Preferred Qualifications

• Project management certification such as PMP, CAPM, or CSM demonstrating formal project management expertise

• Background in cybersecurity consulting, managed security services, or similar client-facing technical roles

• Knowledge of compliance frameworks like SOC 2, ISO 27001, and experience with audit processes and regulatory requirements

• High-level familiarity with OWASP Top 10, CWE Top 25, et al, and how the attacks are executed.

Compensation Bands:
Austin, Boston, DC

$111K – $139K • Offers Equity

#LI-Remote

#LI-HM1

Job Benefits:

• Health (medical, vision, dental), life, and disability insurance*

• Equity stock options

• Retirement plans

• Paid public holidays and unlimited PTO

• Paid maternity and parental leave

• Leaves of absence (including caregiver leave and leave under CO's Healthy Families and Workplaces Act)

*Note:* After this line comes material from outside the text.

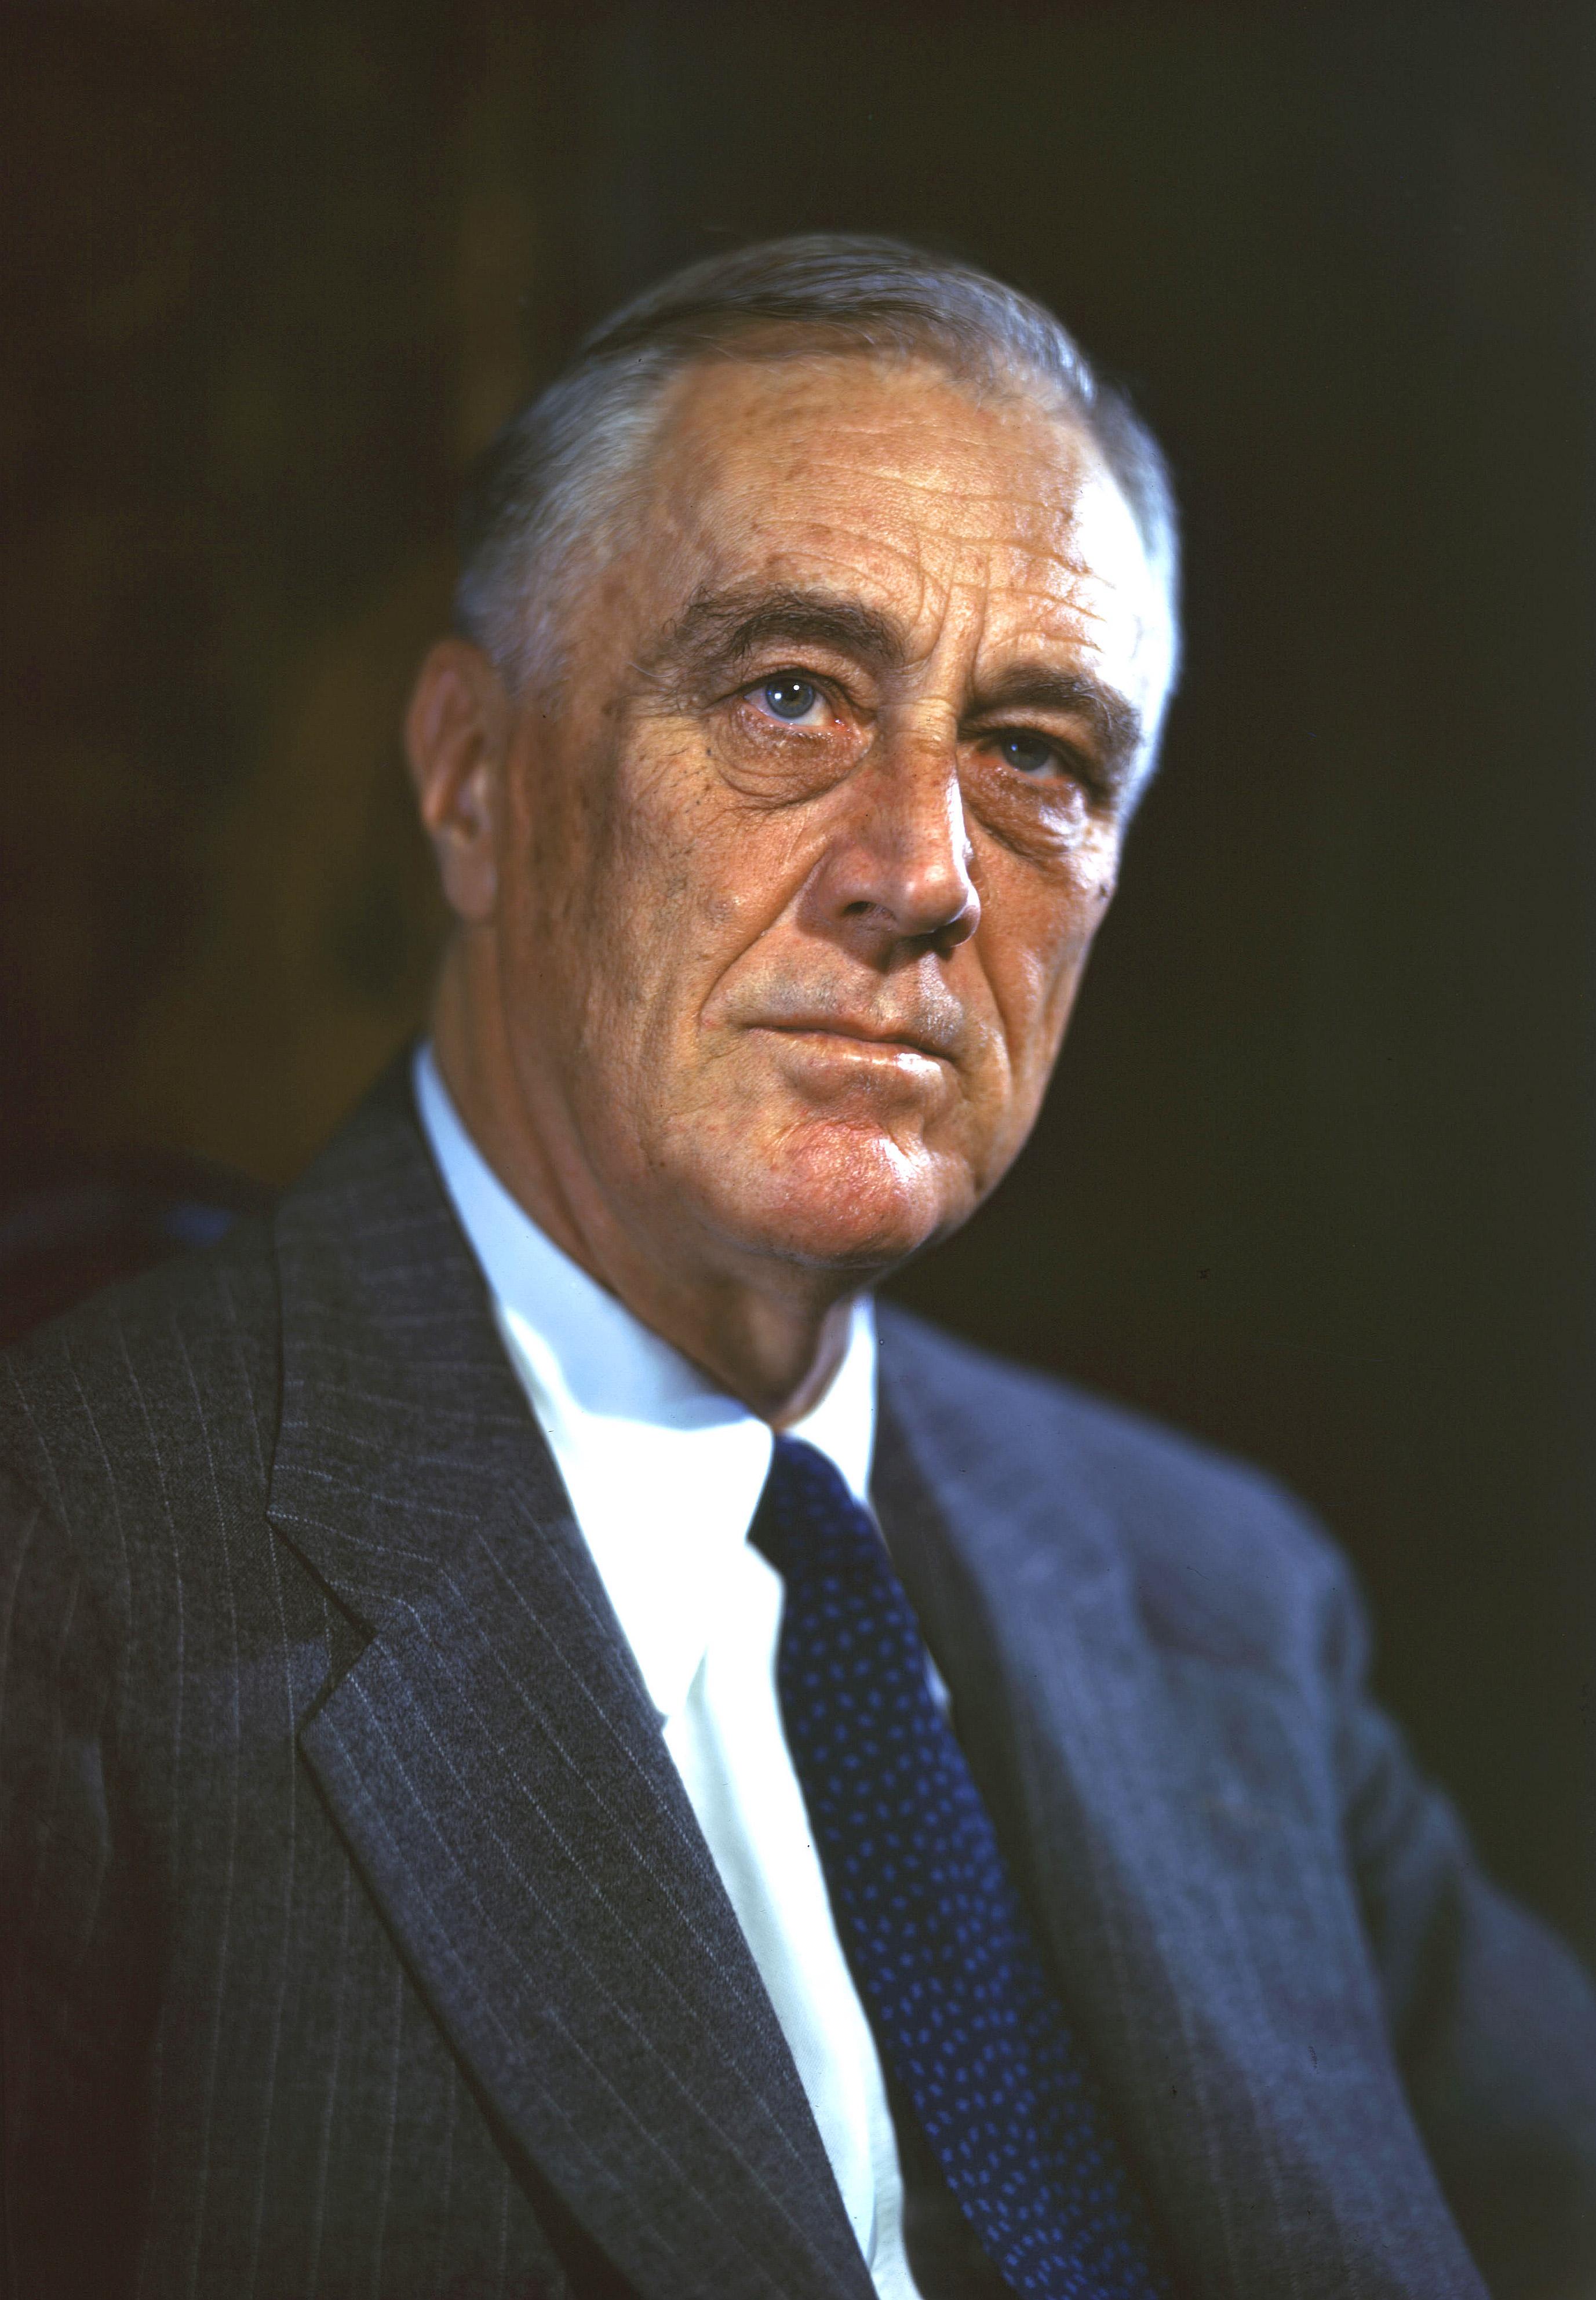 [Roosevelt]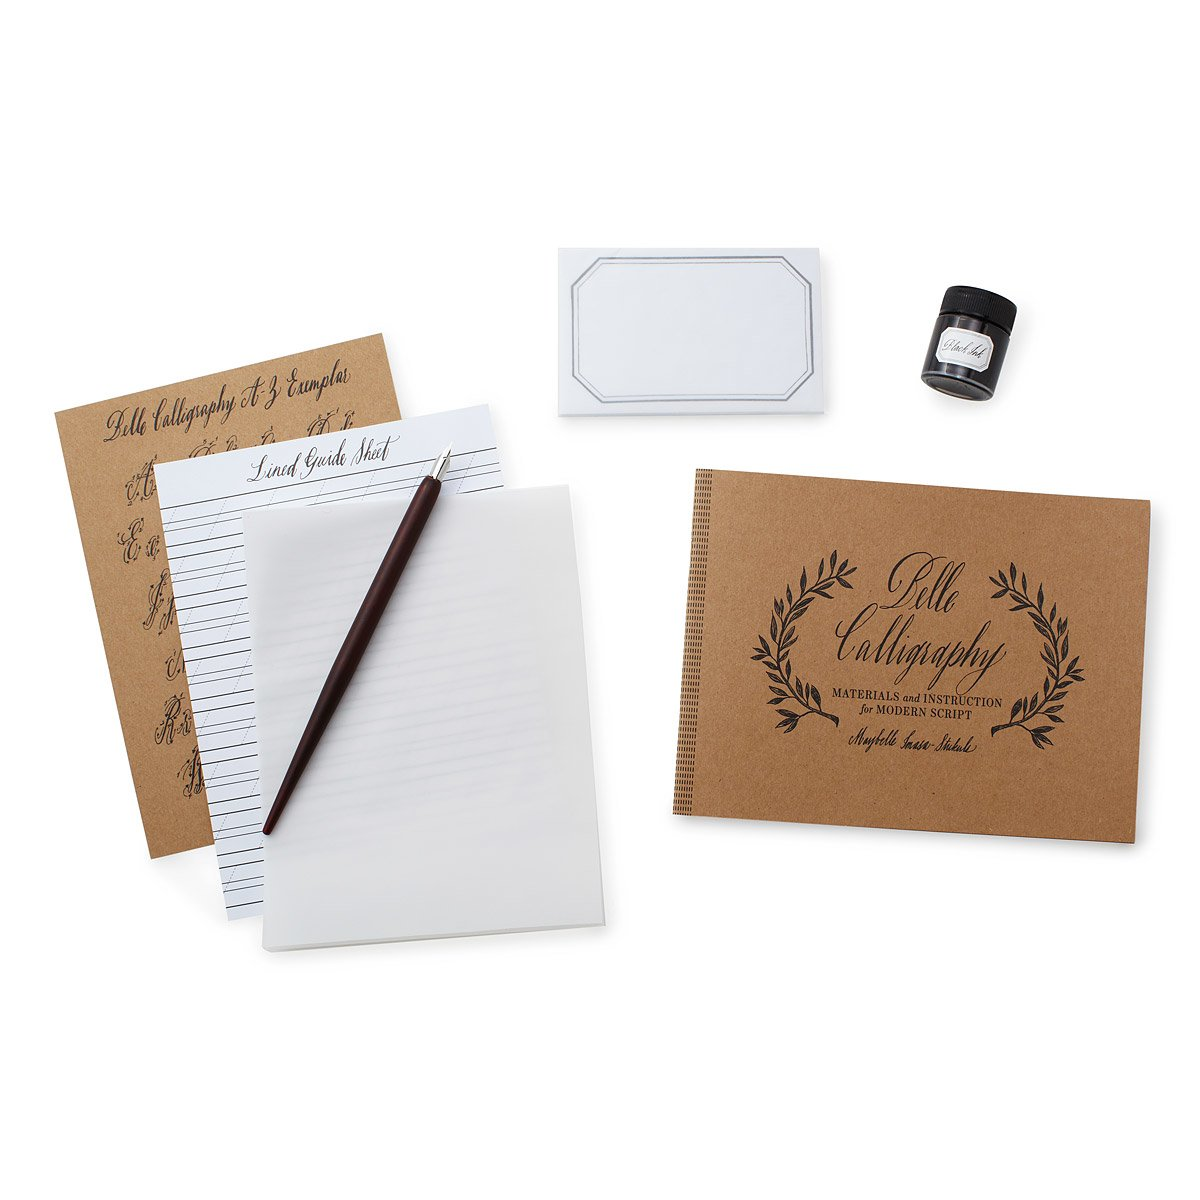 Belle Calligraphy Kit

• Employee Assistance Program

• Flexible Work Stipend

*Eligibility may differ by country

We're committed to building a global team! For certain roles outside the United States, U.K., and the Netherlands, we partner with Remote.com as our Employer of Record (EOR).

Visa/work permit sponsorship is not available.

Employment at HackerOne is contingent on a background check.

HackerOne is an Equal Opportunity Employer in the terms and conditions of employment for all employees and job applicants without regard to race, color, religion, sex, sexual orientation, age, gender identity or gender expression, national origin, pregnancy, disability or veteran status, or any other protected characteristic as outlined by international, federal, state, or local laws.

This policy applies to all HackerOne employment practices, including hiring, recruiting, promotion, termination, layoff, recall, leave of absence, compensation, benefits, training, and apprenticeship. HackerOne makes hiring decisions based solely on qualifications, merit, and business needs at the time.

For US based roles only: Pursuant to the San Francisco Fair Chance Ordinance, all qualified applicants with arrest and conviction records will be considered for the position.